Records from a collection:
# # # #
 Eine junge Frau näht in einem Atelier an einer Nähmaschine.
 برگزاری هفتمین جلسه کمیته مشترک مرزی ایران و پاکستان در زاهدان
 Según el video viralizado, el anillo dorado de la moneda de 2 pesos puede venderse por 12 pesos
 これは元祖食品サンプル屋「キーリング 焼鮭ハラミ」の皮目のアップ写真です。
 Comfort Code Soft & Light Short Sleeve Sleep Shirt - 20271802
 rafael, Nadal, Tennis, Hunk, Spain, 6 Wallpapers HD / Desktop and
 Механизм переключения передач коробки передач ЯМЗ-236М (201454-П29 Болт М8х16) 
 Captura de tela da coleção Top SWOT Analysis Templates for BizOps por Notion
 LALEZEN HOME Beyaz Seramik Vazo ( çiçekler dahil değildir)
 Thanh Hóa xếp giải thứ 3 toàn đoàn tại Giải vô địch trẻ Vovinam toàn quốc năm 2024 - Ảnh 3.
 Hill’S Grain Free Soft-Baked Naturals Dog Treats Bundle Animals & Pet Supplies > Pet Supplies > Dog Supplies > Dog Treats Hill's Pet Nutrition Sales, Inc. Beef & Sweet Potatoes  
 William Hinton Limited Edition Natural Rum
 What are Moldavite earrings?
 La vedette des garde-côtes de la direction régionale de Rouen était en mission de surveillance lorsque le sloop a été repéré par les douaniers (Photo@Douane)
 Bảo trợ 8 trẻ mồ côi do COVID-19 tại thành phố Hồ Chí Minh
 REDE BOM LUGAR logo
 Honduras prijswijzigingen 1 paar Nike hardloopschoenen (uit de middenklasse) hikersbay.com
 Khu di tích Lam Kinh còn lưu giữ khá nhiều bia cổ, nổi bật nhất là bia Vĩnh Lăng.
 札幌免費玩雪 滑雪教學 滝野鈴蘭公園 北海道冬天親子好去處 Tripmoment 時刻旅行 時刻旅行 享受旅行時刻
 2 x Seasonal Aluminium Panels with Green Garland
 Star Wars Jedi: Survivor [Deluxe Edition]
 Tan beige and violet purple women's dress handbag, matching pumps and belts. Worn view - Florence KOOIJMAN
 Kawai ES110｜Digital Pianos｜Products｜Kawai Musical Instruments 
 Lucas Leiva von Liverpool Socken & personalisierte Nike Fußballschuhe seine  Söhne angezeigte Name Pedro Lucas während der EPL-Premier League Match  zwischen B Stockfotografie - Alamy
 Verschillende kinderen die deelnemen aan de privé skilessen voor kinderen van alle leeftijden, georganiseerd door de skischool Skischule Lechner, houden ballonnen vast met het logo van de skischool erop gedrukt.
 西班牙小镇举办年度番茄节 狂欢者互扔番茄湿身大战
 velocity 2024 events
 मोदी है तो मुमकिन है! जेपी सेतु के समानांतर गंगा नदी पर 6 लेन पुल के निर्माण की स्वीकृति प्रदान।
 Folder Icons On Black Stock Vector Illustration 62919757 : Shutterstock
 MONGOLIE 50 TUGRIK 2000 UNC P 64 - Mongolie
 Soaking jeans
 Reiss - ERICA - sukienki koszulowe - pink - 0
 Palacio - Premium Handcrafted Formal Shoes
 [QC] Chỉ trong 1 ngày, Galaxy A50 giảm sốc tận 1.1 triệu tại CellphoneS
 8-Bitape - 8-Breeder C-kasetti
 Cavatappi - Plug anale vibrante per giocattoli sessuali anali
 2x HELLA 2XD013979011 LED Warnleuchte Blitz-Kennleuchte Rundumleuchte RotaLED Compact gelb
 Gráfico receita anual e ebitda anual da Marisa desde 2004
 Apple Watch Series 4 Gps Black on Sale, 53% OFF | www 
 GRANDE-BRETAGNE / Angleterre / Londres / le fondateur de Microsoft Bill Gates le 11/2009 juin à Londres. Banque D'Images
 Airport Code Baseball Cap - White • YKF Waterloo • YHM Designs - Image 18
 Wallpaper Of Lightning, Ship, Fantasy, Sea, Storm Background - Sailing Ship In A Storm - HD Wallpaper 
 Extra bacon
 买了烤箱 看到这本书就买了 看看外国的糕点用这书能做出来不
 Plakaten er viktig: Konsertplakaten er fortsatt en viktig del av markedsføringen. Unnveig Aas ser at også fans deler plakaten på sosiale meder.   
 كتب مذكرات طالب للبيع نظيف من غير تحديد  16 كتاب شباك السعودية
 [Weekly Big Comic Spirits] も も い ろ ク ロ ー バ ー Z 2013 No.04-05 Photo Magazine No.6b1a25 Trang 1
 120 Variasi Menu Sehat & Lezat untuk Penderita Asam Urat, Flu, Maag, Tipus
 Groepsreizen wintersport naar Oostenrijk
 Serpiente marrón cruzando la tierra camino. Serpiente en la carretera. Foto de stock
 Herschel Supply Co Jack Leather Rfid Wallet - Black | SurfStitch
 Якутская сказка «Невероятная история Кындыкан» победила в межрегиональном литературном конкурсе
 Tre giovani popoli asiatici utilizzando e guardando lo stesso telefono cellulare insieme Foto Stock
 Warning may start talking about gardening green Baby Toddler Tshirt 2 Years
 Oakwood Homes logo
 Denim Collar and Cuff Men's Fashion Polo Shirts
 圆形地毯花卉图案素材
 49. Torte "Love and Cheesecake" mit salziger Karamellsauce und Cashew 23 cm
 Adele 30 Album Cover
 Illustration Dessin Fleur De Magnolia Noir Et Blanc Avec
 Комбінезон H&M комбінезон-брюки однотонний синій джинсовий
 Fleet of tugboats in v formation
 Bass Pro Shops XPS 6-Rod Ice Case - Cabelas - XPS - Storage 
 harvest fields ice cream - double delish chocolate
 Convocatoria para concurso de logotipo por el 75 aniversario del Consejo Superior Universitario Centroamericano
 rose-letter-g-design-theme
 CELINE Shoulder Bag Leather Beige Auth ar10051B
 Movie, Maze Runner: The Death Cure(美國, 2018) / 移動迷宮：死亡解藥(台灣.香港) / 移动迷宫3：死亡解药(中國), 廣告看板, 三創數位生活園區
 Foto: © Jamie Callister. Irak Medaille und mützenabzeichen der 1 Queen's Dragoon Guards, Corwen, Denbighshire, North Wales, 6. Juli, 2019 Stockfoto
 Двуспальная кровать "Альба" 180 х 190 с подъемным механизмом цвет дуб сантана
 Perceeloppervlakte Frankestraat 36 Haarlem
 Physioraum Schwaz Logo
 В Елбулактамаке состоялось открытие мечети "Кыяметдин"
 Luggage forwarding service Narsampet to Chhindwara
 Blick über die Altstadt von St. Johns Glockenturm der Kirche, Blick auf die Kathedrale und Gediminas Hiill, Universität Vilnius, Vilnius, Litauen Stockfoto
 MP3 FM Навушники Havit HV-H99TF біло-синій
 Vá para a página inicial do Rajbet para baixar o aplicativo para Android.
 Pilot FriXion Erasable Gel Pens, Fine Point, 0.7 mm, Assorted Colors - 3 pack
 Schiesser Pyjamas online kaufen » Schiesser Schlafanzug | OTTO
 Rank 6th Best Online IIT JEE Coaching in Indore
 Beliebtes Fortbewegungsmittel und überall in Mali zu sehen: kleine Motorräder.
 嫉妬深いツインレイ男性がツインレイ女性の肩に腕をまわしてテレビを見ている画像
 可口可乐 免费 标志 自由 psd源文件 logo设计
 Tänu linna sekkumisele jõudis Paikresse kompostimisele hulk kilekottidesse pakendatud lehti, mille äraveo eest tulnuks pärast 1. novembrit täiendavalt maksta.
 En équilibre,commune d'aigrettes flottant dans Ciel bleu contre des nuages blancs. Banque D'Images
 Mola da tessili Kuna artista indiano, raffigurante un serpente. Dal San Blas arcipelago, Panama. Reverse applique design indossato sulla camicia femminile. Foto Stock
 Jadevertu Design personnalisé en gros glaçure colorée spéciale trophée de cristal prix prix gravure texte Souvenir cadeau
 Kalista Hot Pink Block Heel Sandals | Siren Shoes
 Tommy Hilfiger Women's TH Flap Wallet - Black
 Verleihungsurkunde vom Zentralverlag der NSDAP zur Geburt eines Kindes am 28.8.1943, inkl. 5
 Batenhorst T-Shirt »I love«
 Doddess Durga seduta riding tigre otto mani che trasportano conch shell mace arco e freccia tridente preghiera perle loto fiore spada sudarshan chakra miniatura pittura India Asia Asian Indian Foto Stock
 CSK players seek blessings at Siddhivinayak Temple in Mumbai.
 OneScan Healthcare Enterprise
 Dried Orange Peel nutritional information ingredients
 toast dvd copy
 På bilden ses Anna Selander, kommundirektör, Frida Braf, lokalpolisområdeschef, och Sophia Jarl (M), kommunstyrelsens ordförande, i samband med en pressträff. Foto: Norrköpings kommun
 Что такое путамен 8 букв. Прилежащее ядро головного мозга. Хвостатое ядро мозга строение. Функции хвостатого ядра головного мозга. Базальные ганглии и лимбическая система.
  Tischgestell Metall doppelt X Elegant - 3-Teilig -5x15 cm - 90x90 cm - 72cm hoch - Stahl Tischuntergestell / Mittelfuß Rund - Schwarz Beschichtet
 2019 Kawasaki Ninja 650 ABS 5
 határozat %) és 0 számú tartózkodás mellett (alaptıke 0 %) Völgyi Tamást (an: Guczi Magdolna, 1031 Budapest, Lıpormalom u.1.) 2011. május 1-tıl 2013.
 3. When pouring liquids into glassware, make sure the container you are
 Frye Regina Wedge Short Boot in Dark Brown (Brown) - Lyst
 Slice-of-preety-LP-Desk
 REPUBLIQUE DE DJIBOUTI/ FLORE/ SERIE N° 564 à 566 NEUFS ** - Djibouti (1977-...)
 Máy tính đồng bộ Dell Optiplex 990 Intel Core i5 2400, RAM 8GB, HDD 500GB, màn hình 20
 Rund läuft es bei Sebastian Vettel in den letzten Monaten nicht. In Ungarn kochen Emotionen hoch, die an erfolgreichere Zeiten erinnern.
# # # #
* EXERCISE DESCRIPTION: Reproduce, character for character, only the lines of the preceding data that start at the line with "Bảo trợ 8 trẻ" and end at the line with "Gráfico receita anual", both included.

* RESULT FOR THIS EXERCISE:
 Bảo trợ 8 trẻ mồ côi do COVID-19 tại thành phố Hồ Chí Minh
 REDE BOM LUGAR logo
 Honduras prijswijzigingen 1 paar Nike hardloopschoenen (uit de middenklasse) hikersbay.com
 Khu di tích Lam Kinh còn lưu giữ khá nhiều bia cổ, nổi bật nhất là bia Vĩnh Lăng.
 札幌免費玩雪 滑雪教學 滝野鈴蘭公園 北海道冬天親子好去處 Tripmoment 時刻旅行 時刻旅行 享受旅行時刻
 2 x Seasonal Aluminium Panels with Green Garland
 Star Wars Jedi: Survivor [Deluxe Edition]
 Tan beige and violet purple women's dress handbag, matching pumps and belts. Worn view - Florence KOOIJMAN
 Kawai ES110｜Digital Pianos｜Products｜Kawai Musical Instruments 
 Lucas Leiva von Liverpool Socken & personalisierte Nike Fußballschuhe seine  Söhne angezeigte Name Pedro Lucas während der EPL-Premier League Match  zwischen B Stockfotografie - Alamy
 Verschillende kinderen die deelnemen aan de privé skilessen voor kinderen van alle leeftijden, georganiseerd door de skischool Skischule Lechner, houden ballonnen vast met het logo van de skischool erop gedrukt.
 西班牙小镇举办年度番茄节 狂欢者互扔番茄湿身大战
 velocity 2024 events
 मोदी है तो मुमकिन है! जेपी सेतु के समानांतर गंगा नदी पर 6 लेन पुल के निर्माण की स्वीकृति प्रदान।
 Folder Icons On Black Stock Vector Illustration 62919757 : Shutterstock
 MONGOLIE 50 TUGRIK 2000 UNC P 64 - Mongolie
 Soaking jeans
 Reiss - ERICA - sukienki koszulowe - pink - 0
 Palacio - Premium Handcrafted Formal Shoes
 [QC] Chỉ trong 1 ngày, Galaxy A50 giảm sốc tận 1.1 triệu tại CellphoneS
 8-Bitape - 8-Breeder C-kasetti
 Cavatappi - Plug anale vibrante per giocattoli sessuali anali
 2x HELLA 2XD013979011 LED Warnleuchte Blitz-Kennleuchte Rundumleuchte RotaLED Compact gelb
 Gráfico receita anual e ebitda anual da Marisa desde 2004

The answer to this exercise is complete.